Mr. Slaughter: I entirely accept what you say, Mr. Deputy Speaker. I do, however, have the transcript of that conversation in front of me, and I am prepared to make it available to any other hon. Members, who can make their own judgment about it. I simply say that I do not believe that the hon. Member for Henley is a person Londoners would trust to run policing because of his own personal record as dictated in that phone conversation.
6.38 pm
Robert Neill (Bromley and Chislehurst) (Con):
I shall be very brief and not go down the route taken by the hon. Member for Ealing, Acton and Shepherds Bush
(Mr. Slaughter).

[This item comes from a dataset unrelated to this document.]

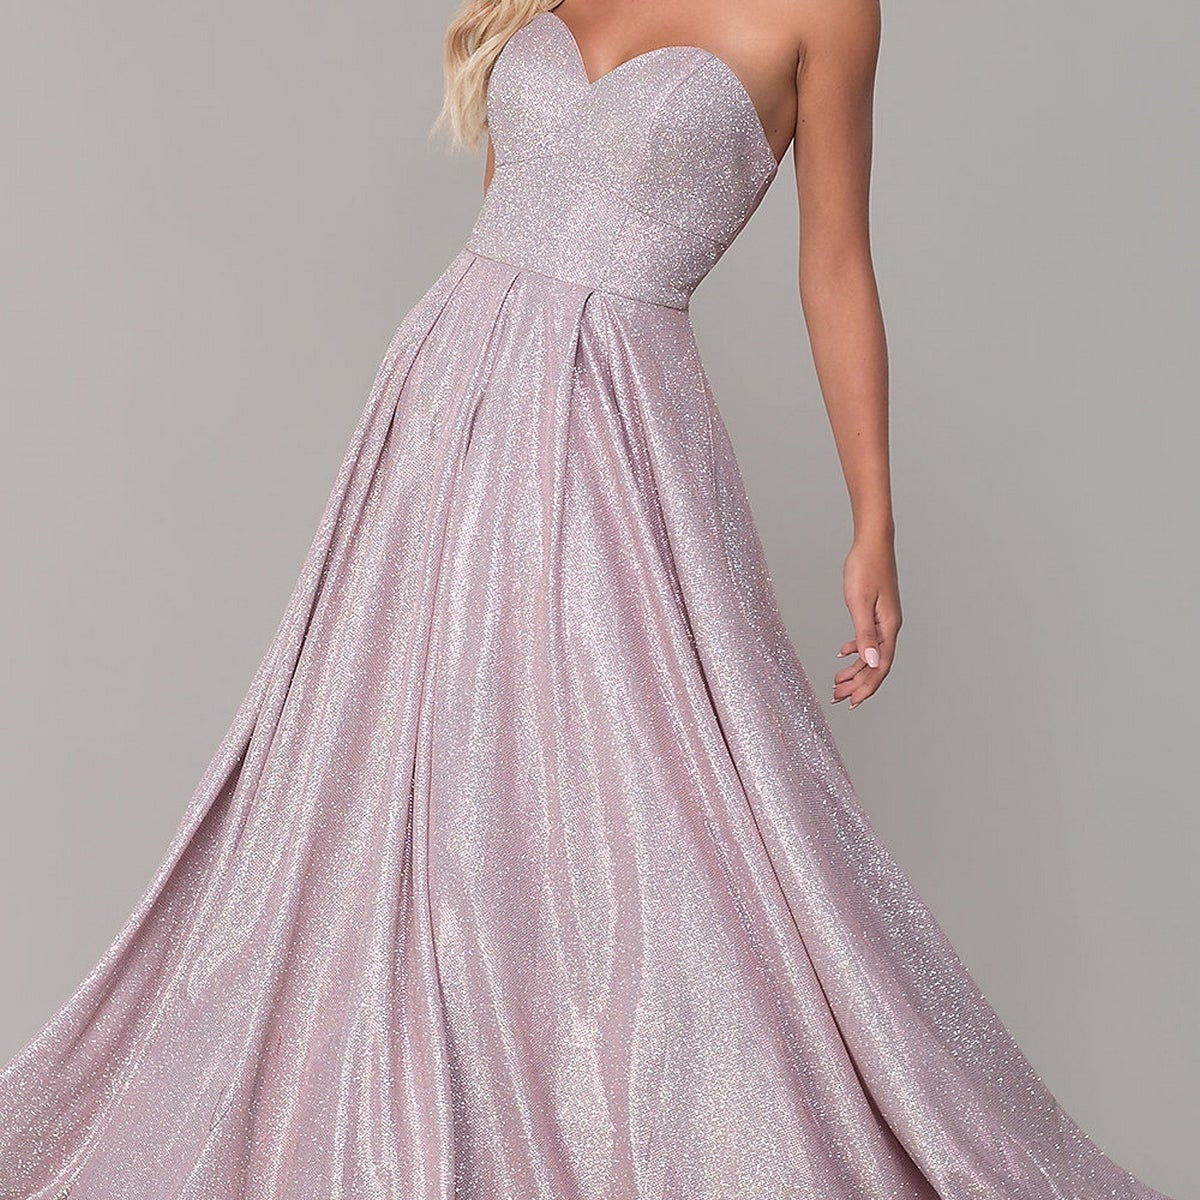 Strapless Sweetheart Sheer-Bodice Long Prom Dress

I think that the tetchiness that we have seen from Labour Members indicates that a raw nerve has been struck and that our points have hit home.

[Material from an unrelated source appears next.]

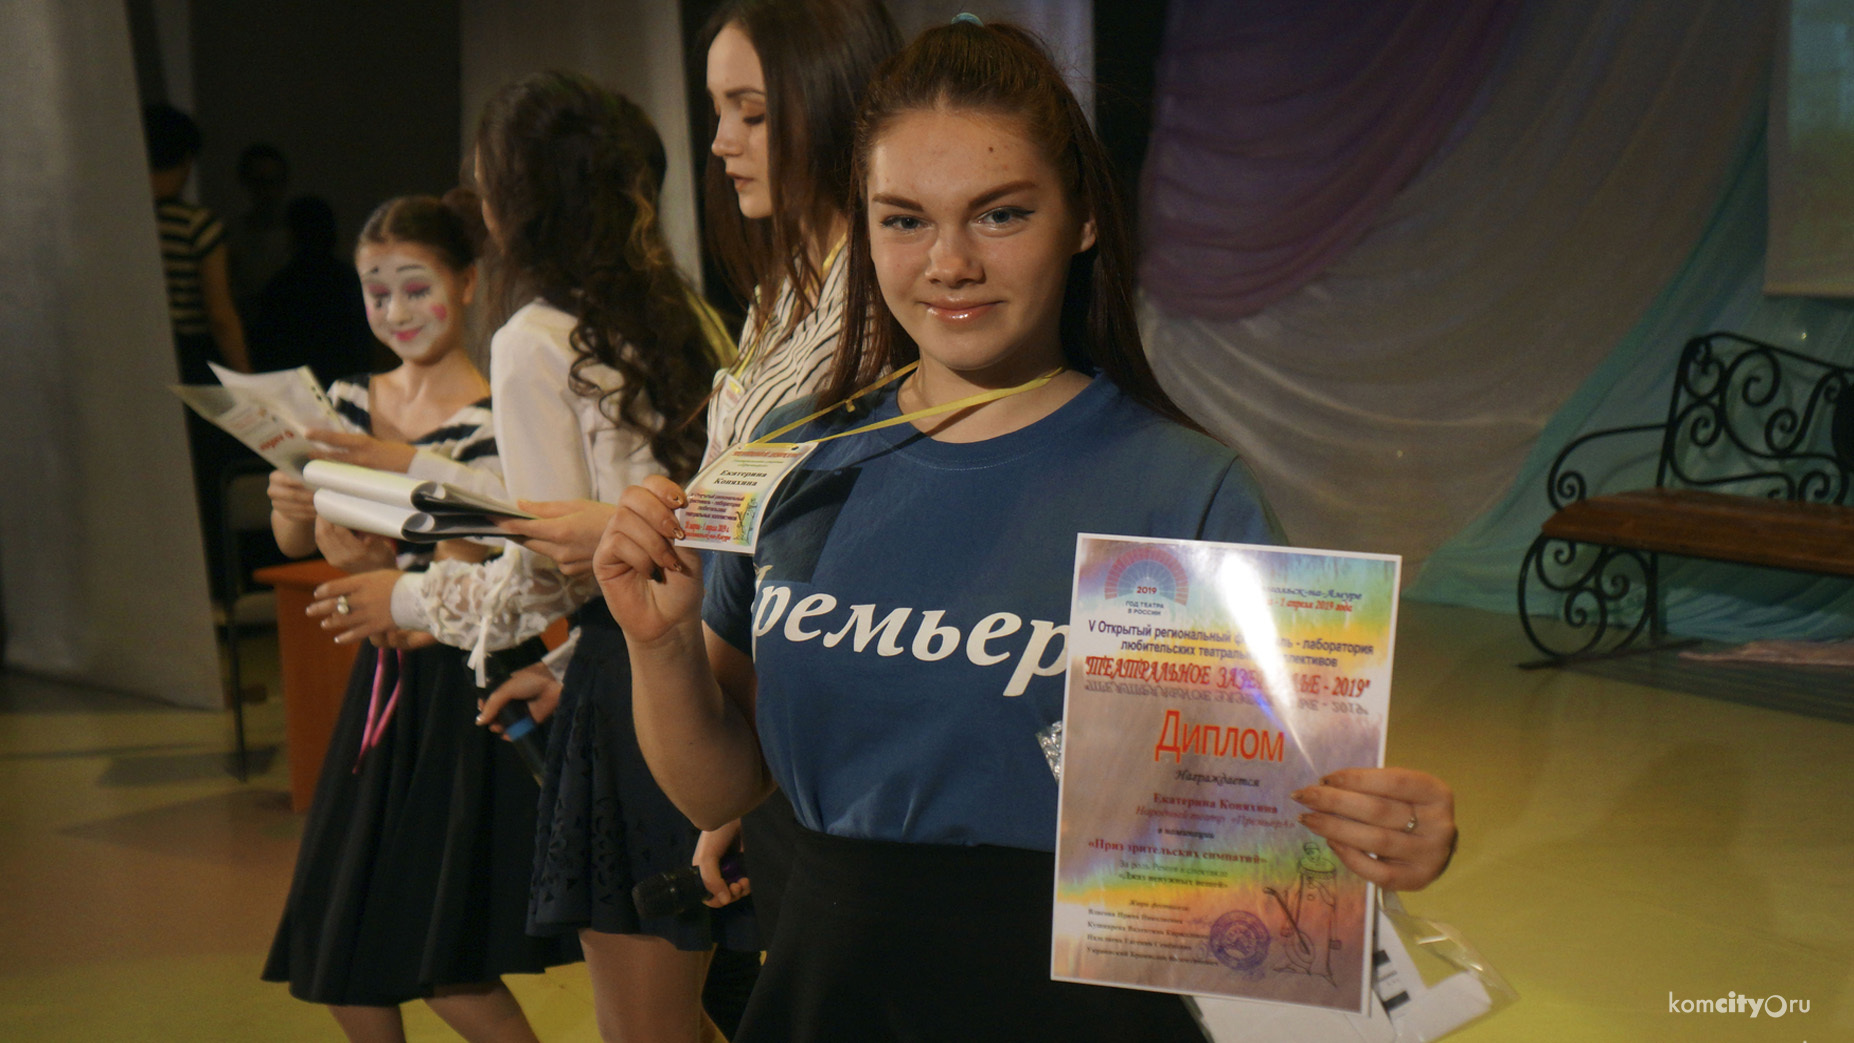 Региональный фестиваль «Театральное зазеркалье» отменён в Комсомольске-на-Амуре из-за коронавируса

I do not seek to talk London down or to denigrate good work that is done in London. However, I want to know, as do all of us who have constituents in London, how we can make things better and why, against this background, Londons great competitor city of New York has done better at dealing with crime than we have and is now safer than London. I have two key points to make on that.
First, I went to New York recently and spoke to a precinct captain in the Red Hook district of Brooklyna tough area. He made the point that the political commitment of Mayor Giuliani and Mayor Bloomberg was a key factor in giving the drive necessary to support police officers and the community as a whole in tackling crime.
Secondly, the specific technical advantages of the CompStat system and crime mapping had given the police and the community the material that they needed to work together to tackle crime in one of the hardest parts of New York. I am sorry that that proposal from my hon. Friend the Member for Henley (Mr. Johnson) has been so airily dismissed by Labour Members. London deserves better than that. It is a serious proposal, accepted by serious people tackling crime in another city. I would have hoped that we were broad-minded enough to work together and take that on board. I would have thought that we all wanted to do justice to the tackling of crime in this city in such a constructive spirit. I am sorry that that has not always been achieved in this debate.
6.40 pm
James Brokenshire (Hornchurch) (Con): It is a pleasure to follow my hon. Friend the Member for Bromley and Chislehurst (Robert Neill), who made an important point in his comparison of London and New York.
I join other hon. Members in paying tribute to the work of all police officers in the capital in their daily fight against crime. The Metropolitan police, the City of London police and the British Transport police all work hard on our behalf to secure the protection of everyone who lives and works in the capital. It is right that we should recognise their service, commitment and dedication to duty. But the inescapable fact highlighted by the debate is that the Labour Mayor and the Labour Government are letting London down on crime. Violence against the person is up, with over 3,300 crimes committed each week. Drug offences, with their links to organised crime and gang violence, have increased by an astonishing 200 per cent. since the Mayor came to office, and nearly half of Londoners say that they simply do not feel safe in their communities at night. If that is a measure of success it shows just how out of touch the Government and the Mayor are with reality and with real Londoners.